NASSAU, BAHAMAS — Baha Mar President Graeme Davis yesterday encouraged the government to do its part and “act fairly” toward Baha Mar employees over National Insurance Board (NIB) unemployment benefits, which numerous employees have reported not receiving in many weeks.
Davis, who appeared as a guest on ILTV’s Beyond The Headlines with host Clint Watson, said he would like for Prime Minister Dr Hubert Minnis to intervene on the matter.
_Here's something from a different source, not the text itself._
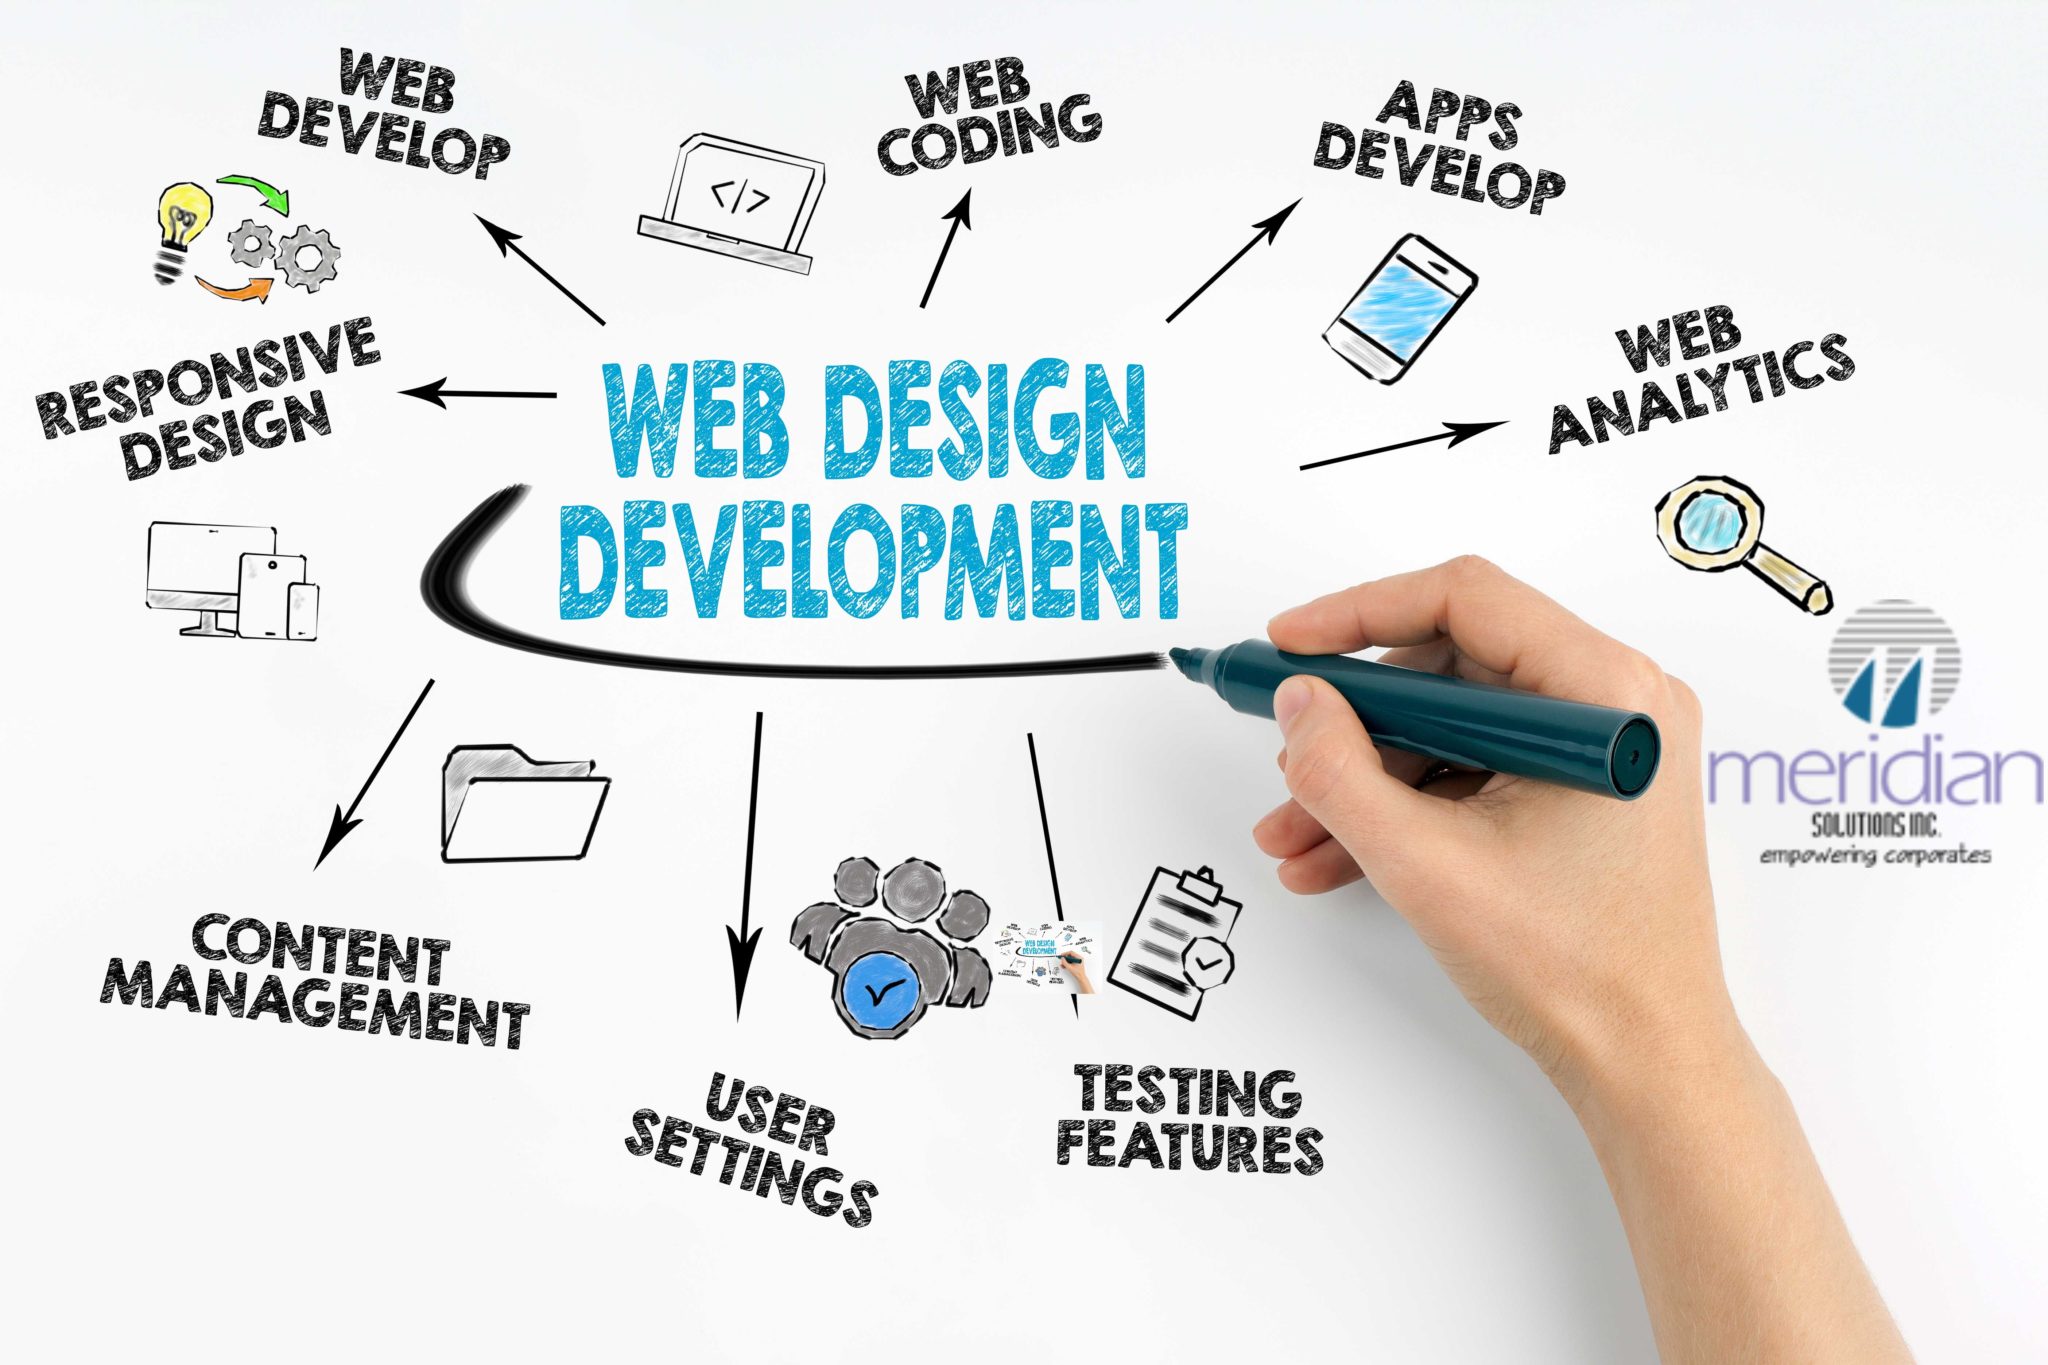 Custom website design Services for your Business - Madhya Pradesh - Indore ID1541823

“Look, I understand the government’s perspective, but clearly we have been making ex gratia payments since we closed the resort on March 25. We made a commitment to all of our associates that we would pay an ex gratia payment, a significant percentage of their salary, while we have been closed throughout the summer; through the extensions of the unemployment benefits, right up to where we are today — we are paying ex gratia payments to all of our associates.”
According to Davis, the resort has paid over $70 million during the period of closure to make a “significant impact” to support employees and communities.
The Baha Mar president said he was unaware of any other private company in The Bahamas that has made a commitment that the resort has.
He said the resort will continue to make ex gratia payments to employees through the new year while certain properties remain closed.
“Ever since we closed, we supplied a list of our associates to the NIB and they have been giving payments ever since we closed, so they have had our list from day one,” Davis said.
“What they are trying to do now is not give the NIB benefit to our associates by deducting what we’re giving to them in ex gratia and I believe it’s unfair.
“Our associates should get the NIB payment like any other private companies and associates are being given, and on top of that, we’re giving an ex gratia payment on top of the NIB payment.
“So, we’re making it clear to NIB and to the government that they should do their part and treat our employees fairly and pay the NIB benefit, the unemployment benefit through the Ministry of Finance and NIB.
“We have given them a list; they’ve had the list from day one.”
Davis acknowledged it is the government’s decision to only supplement Baha Mar’s ex gratia payment up to $100, but said he believes it is unfair.
He added: “We are creating an additional incentive and support to our associates by giving them this ex gratia payment on top and I don’t believe it should be deducted — the unemployment benefit from what we are paying. They should be getting both. What should happen is they should get paid, whether they get paid the full amount or whether they get paid the partial amount, they should get paid and they have the list.”
Davis said the resort resubmitted the list of associates to the government this week.
To employees, Davis encouraged them to “stay strong, persevere”.
“We are doing everything we can; we have been doing everything we can since we closed on March 25 to support our associates,” he said.
“We have provided a list from day one of our closure to the government.
“They have supported you and we applaud the government supporting, and extending these benefits.
“So, the government has done a tremendous job in providing those unemployment benefits from day one.
“We encourage the government to continue to do it as quickly as possible.”
Davis said the resort will continue working with NIB and the government to ensure employees get “whatever the most is possible for them to support them during these very difficult times”.
Asked whether the prime minister ought to intervene, Davis said: “I would love to have the prime minister intervene”, noting that while he spoke with former Minister of Finance Peter Turnquest “he is no longer with us”.
“I asked him to intervene and he was going to look into it and he’s of course left,” Davis said.
“I am doing everything I can. We are all doing everything we can at Baha Mar to support the associates. We ask them to stay strong and persevere.”
The resort plans to open in phases beginning next week Thursday.
Davis said the resort looks forward to the COVID-19 situation getting under control in US markets in the future and the possibility of inviting more employees back to work.